The discussion on how to allow users to extend Qi compiler optimizations (starting at "deforestation for bepoke datatypes") was an especially interesting topic that came up.
Incidentally, next time, @dominik.pantucek is planning to give a demo of the 3D rendering engine for the Racket Roguelike Library, powered by Actor Basic (another flow-oriented language like Qi). If you're a fan of 80s/90s era games, I think you wouldn't wanna miss it.
The notes on delayed computation by building a description and executing is (IIUC) essentially the monad-interpreter pattern: an algebraic datatype describes the operations and is equipped with monadic structure; the functions (such as map) return a value of the datatype rather than performing the computation. One can then independently specify how to execute the computation, such as via a reference interpreter or via an optimizing compiler, by writing programs over the type of the computation.
The classic IO monad does something like this internally in Haskell, and I think the pattern is commonly used for other problems.
I’m interested in helping with the inlining issue if you’d like to provide more information.
Edit: I should probably leave a general note on this issue. The approach of define-inline is that it’s a macro, not normal inlining done by the compiler, while begin-encourage-inline attaches a 'compiler-hint:cross-module-inline syntax property that, well, encourages inlining. In particular, higher-order use isn’t inlined by define-inline (it expands to a variable reference in this case), while there can be more things done by the compiler. This is likely what is causing the issue, because Qi is probably relying on the higher-order usage? I would suggest just simply use begin-encourage-inline and let the compiler figure out the optimization.
This commit is the context. If you clone the repo locally (you may find Getting Started helpful) and run:
$ make profile-competitive
The filter-map and filter-map (large list) benchmarks shows the most improvement with bothbegin-encourage-inline and define-inline, but as I recall, if we remove either of those, it gets noticeably slower.
So onlybegin-encourage-inline doesn’t work well because the inlining very easily exceeds schemify’s fuel (which governs cross-module inlining), I guess. Actually, in such cases, I think a more aggressive define-inline form (in the sense that it also inlines variable-reference case) will be useful. This may be a good addition to define-inline itself. (And it also doesn’t handle case-lambda, right? So it’s another thing that can be done.)

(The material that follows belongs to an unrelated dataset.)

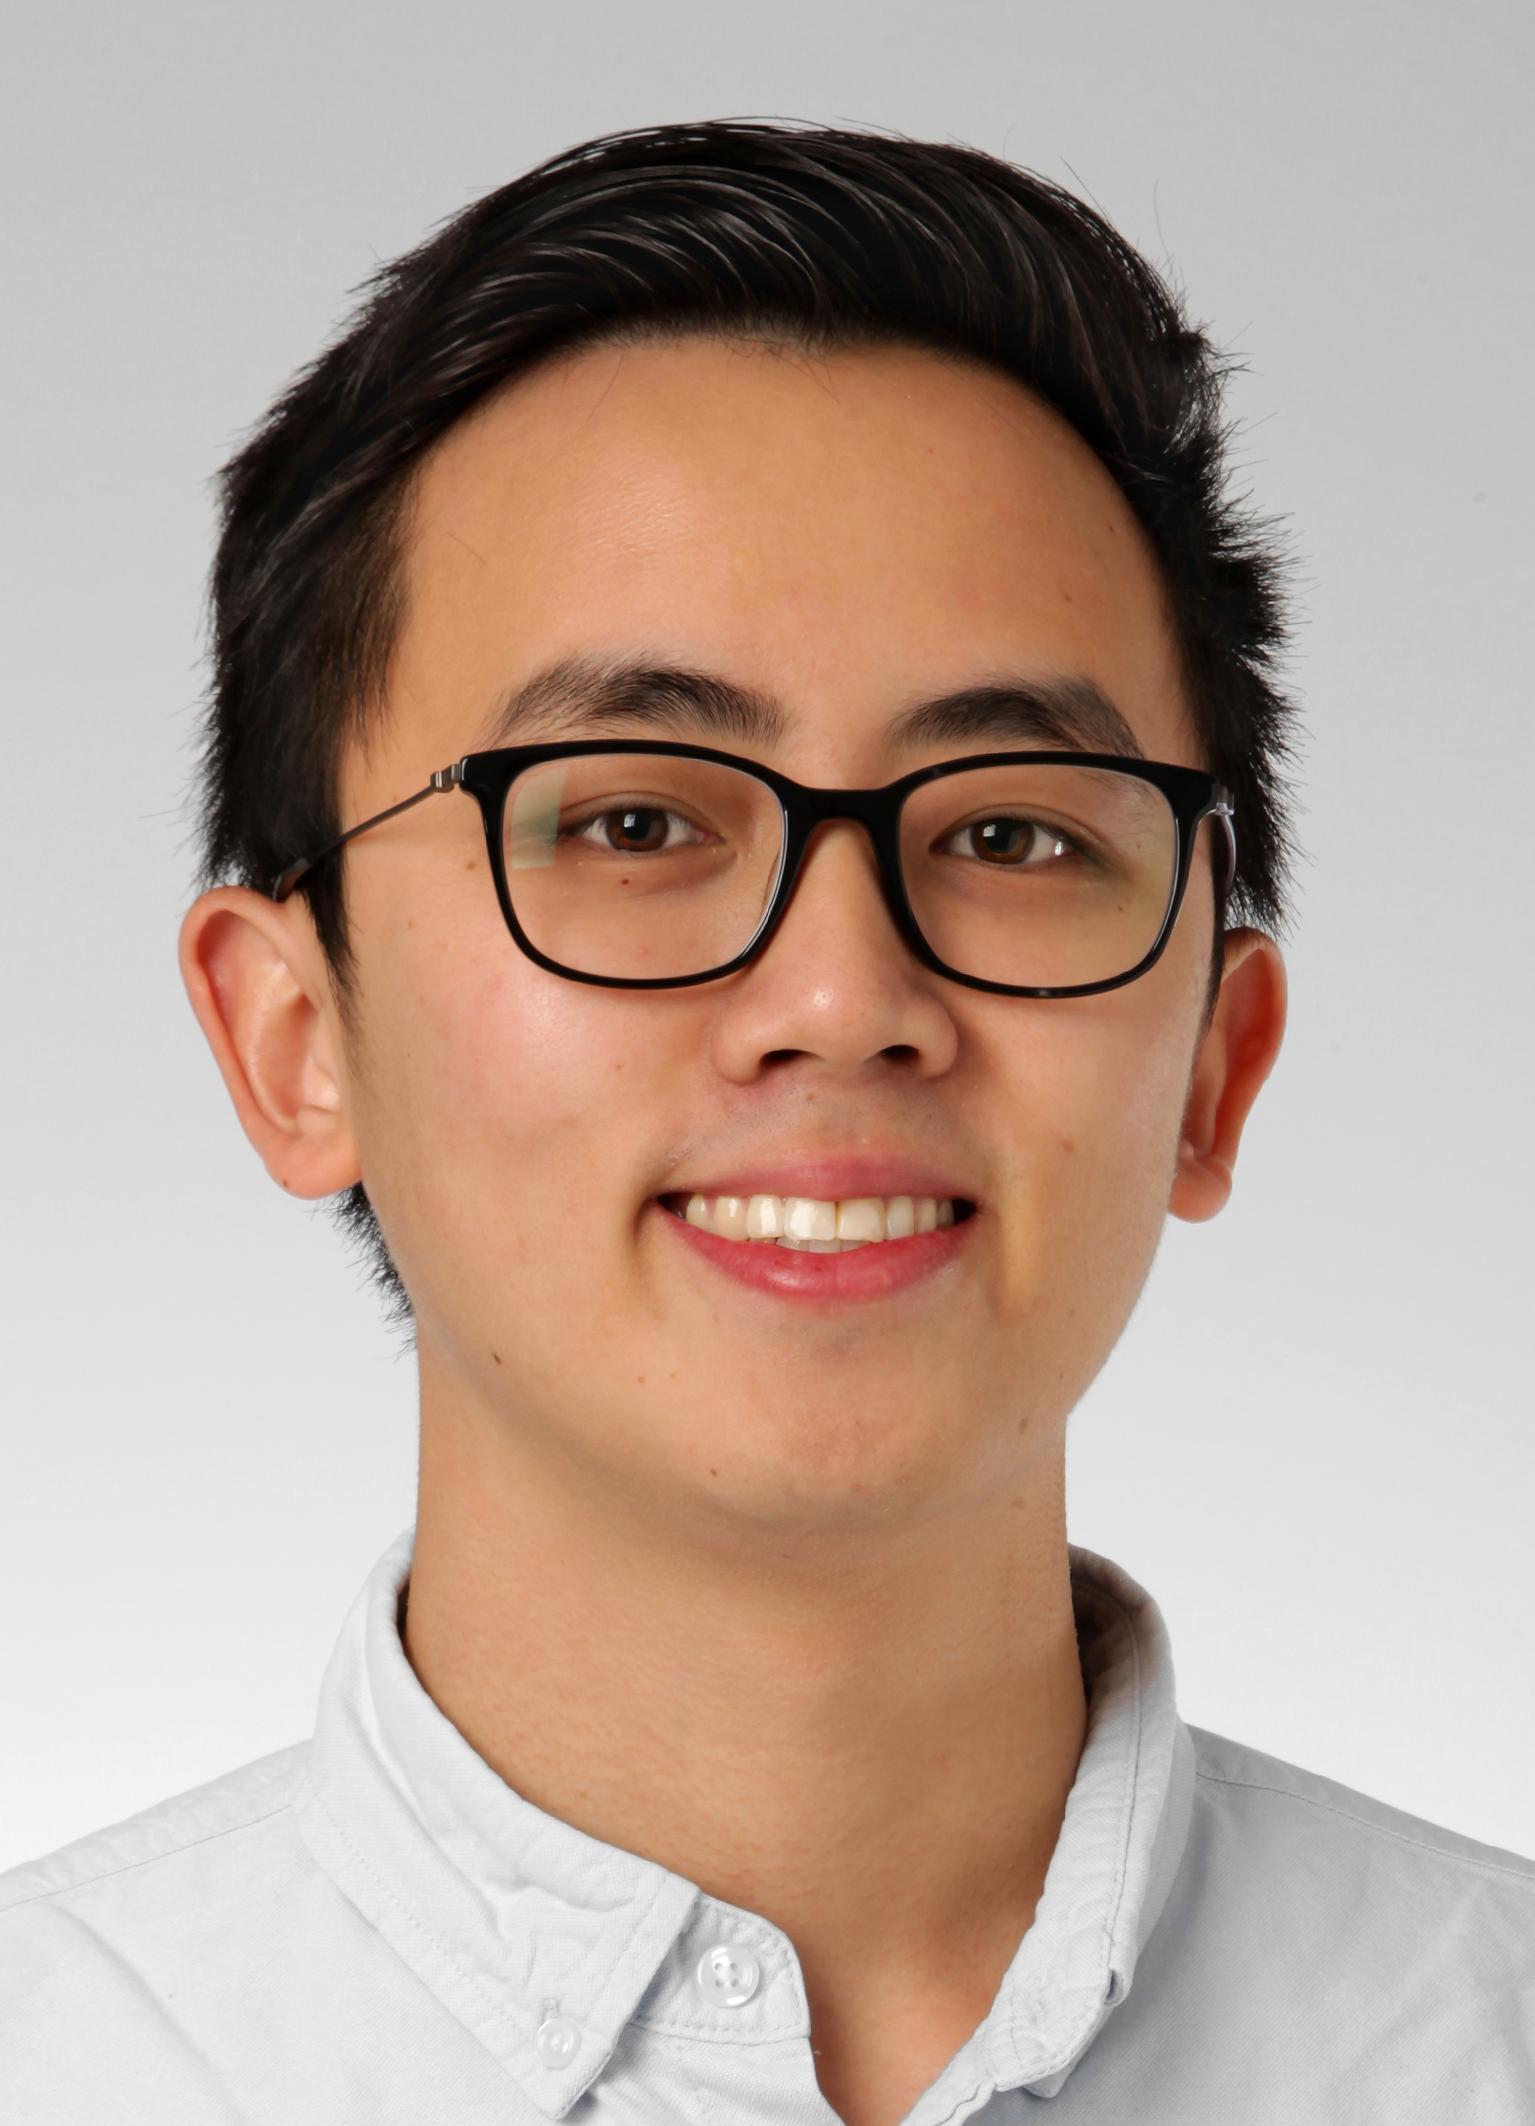 Kevin Yuen | Stagiair | Verder Fiscaal Specialisten en Accountants

Highlights (some of these issues affect compilers in general and aren't specific to Qi):
we continued discussing good ways to test a compiler (still iterating there -- please join next week if you're interested)
how to report good error messages in terms of the source code (rather than the target code)?
how to deal with a combinatorial explosion in match patterns in deforesting "fine grained" argument templates like (~> (range _ _ 10) (filter odd? _) (map sqr _))?
can we simpify match patterns by reducing inferred syntax properties like "chirality" (i.e. left- or right-threading) to an explicit use of a core language?